The PKZIP must go through a formal certification and accreditation (C&A) process before it can be deployed in Quality Medical Company (CM) operational environment. An independent Third Party must certify all (HIPPO) PKZIP systems. We will use system certification as a formal procedure for testing security safeguards in the computer system or major application to determine if they meet applicable requirements and specifications outlined.
System accreditation is the formal authorization by a management official for system operation and an explicit acceptance of the associated risk. The management official ensures that all equipment resides on the network under his authority is operated using approved security standards. All C&A evaluations or annual reviews must be conducted by a third party who must have not developed the present PKZIP solution or have any other business relationship with CM.
CM Associate Chief Information Technology Security Officer: – Ensure compliance requirements of this policy concerning data at rest and role-holders access to managed networks, systems and servers – Ensure public-companies regulations are implemented and in compliance – Provide security standards for implementation of PKZIP in HIPPO information technology environments to ensure that they can handle sensitive data and require non- repudiation; – Review company plans to implement this policy; – Review requests for exceptions or exceptions to this policy; and – Conduct reviews of U.
S. Securities and Exchange (SEC) and HIPPO compliance to ensure compliance of this policy. – Receive, review and coordinate a response with the CM Chief Information Technology Officer for any exception requests for exceptions to this policy. Periodically review and update this notice as required; CM Chief Information Technology Officer will: – Ensure the provisions of this policy are implemented and enforced; – Ensure that the requirements of PKZIP policy are satisfied prior to deployment of this technology on any CM system; – Ensure that a backup of the encryption private key(s) is obtained that will be securely stored so encrypted documents may be historically retrieved.
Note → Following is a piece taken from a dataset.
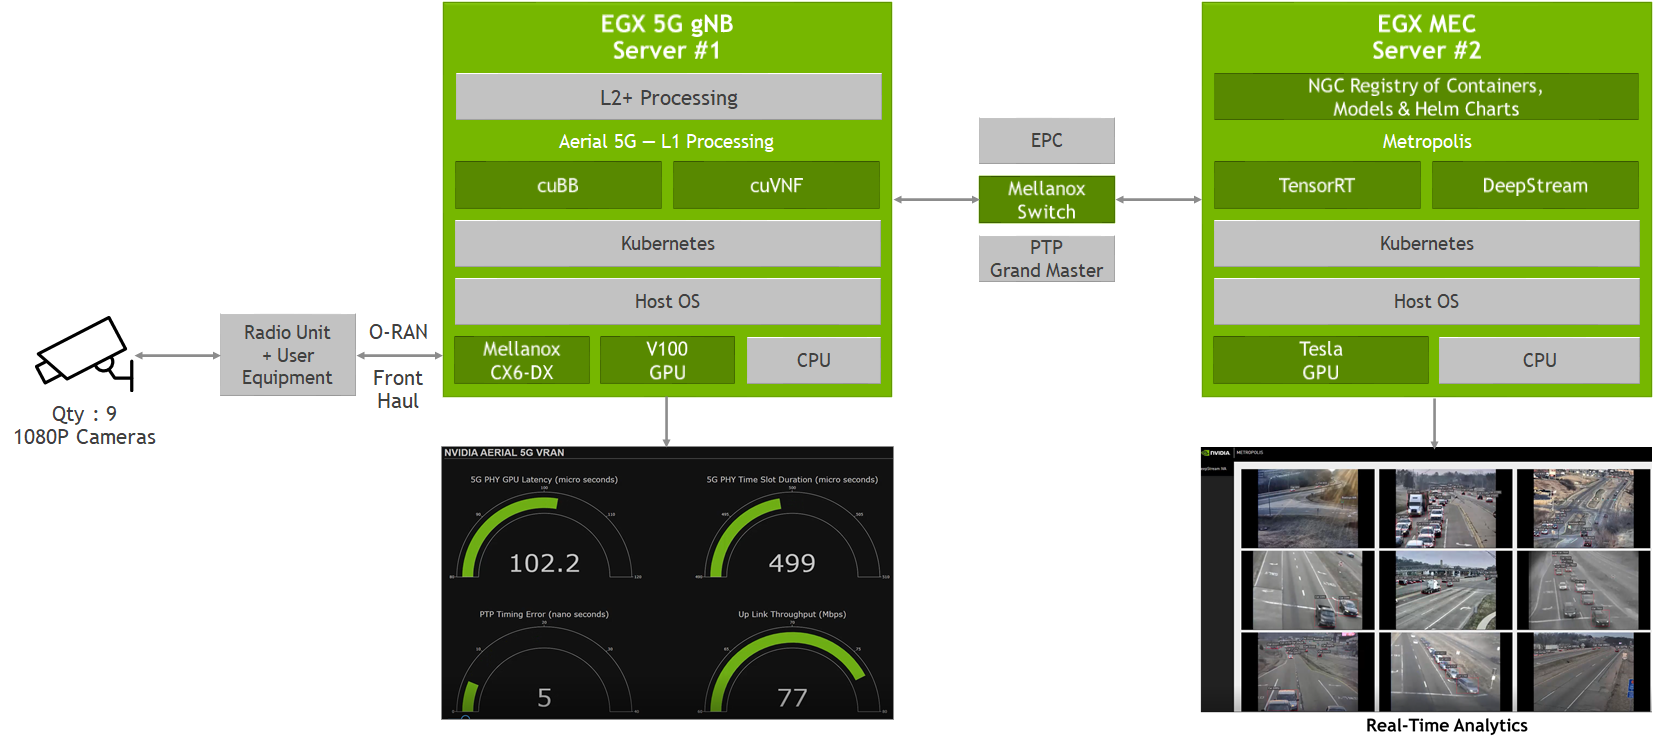 NVIDIA AX800 Delivers High-Performance 5G vRAN and AI Services on

The signing private key will exist only on the key token or refill issued to the individual.
The solution must provide a means for archival of private decryption keys, and support for the recovery of a private decryption key on request; – Ensure that agency server administrators, staff offices responsible for server administration, Isms and security staff are acquainted and comply with the provisions of SOCIO Cyber Security Guidance Regarding CA Controlled Access Protection (CSS-013 dated 3/6/02); -Assure that agency server administrators, staff offices responsible for server administration, information yester security program managers and security staff are trained to implement and, maintain PKZIP at a functional CA level and fully understand the ongoing responsibilities to preserve that level of server security.
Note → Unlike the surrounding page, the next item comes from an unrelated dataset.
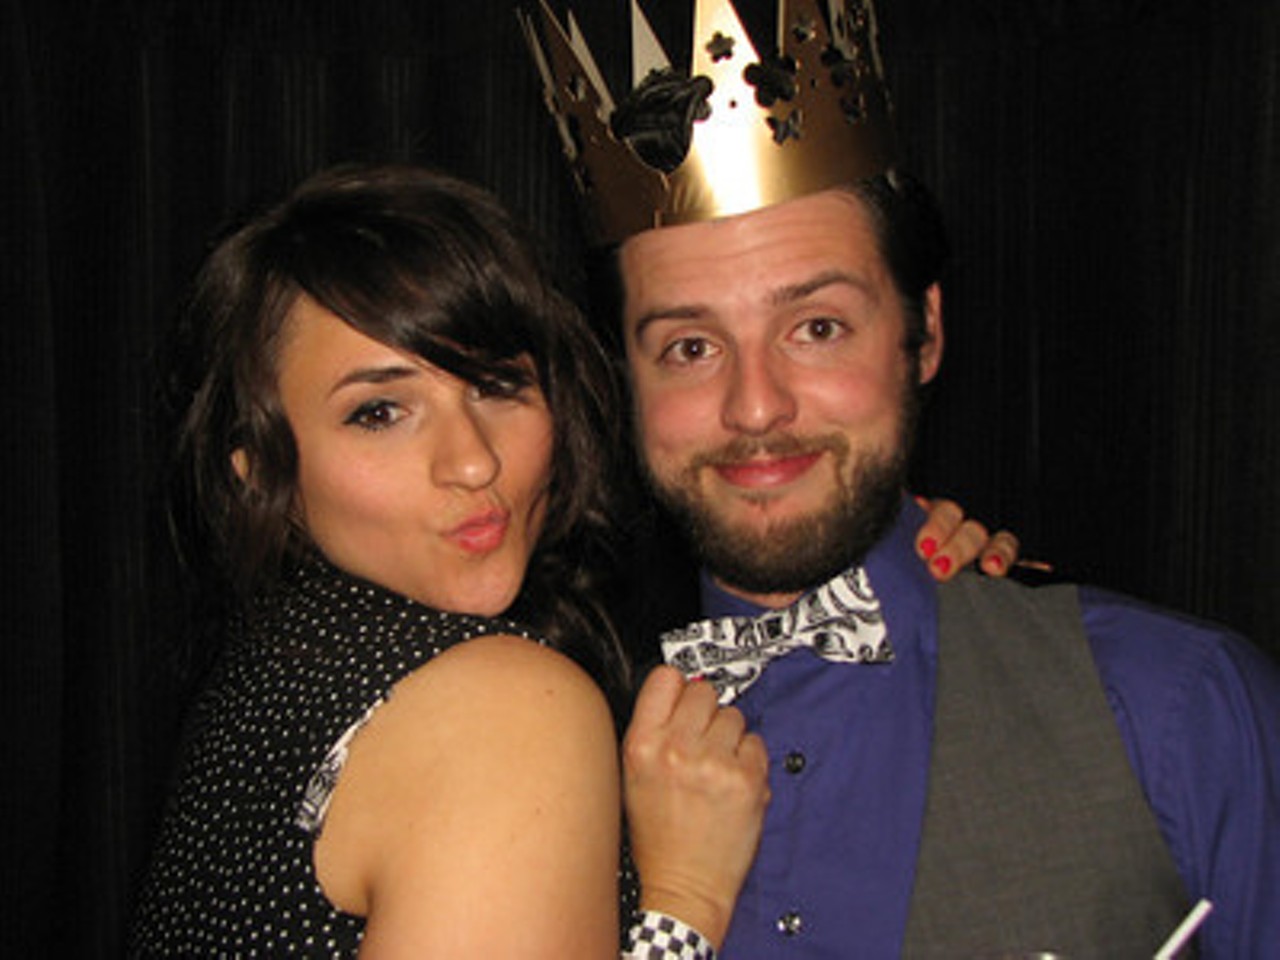 30 Photos from the Red Eye Photobooth at Scene's Best of Cleveland 2014 Party

CM Information Systems Security Program Manager will: – Monitor all agency PKZIP installations to ensure that the provisions of this policy are followed; – Coordinate with agency server administrators to ensure that precautions are taken to properly preserve the required level of server security; – Coordinate with agency personnel to ensure proper certification and accreditation occur on all PKZIP systems prior to deployment; – Coordinate with agency system owners to ensure that PKZIP private key pairs are properly stored. CM System Administrators/Security Administrators responsible for server administration will: – Monitor vendor release notes for new security patches, service packs, software upgrades and updates; – Follow internal configuration management practices in installing security patches and updates; and – Maintain a configuration control manual that documents all changes to the servers with sensitive information.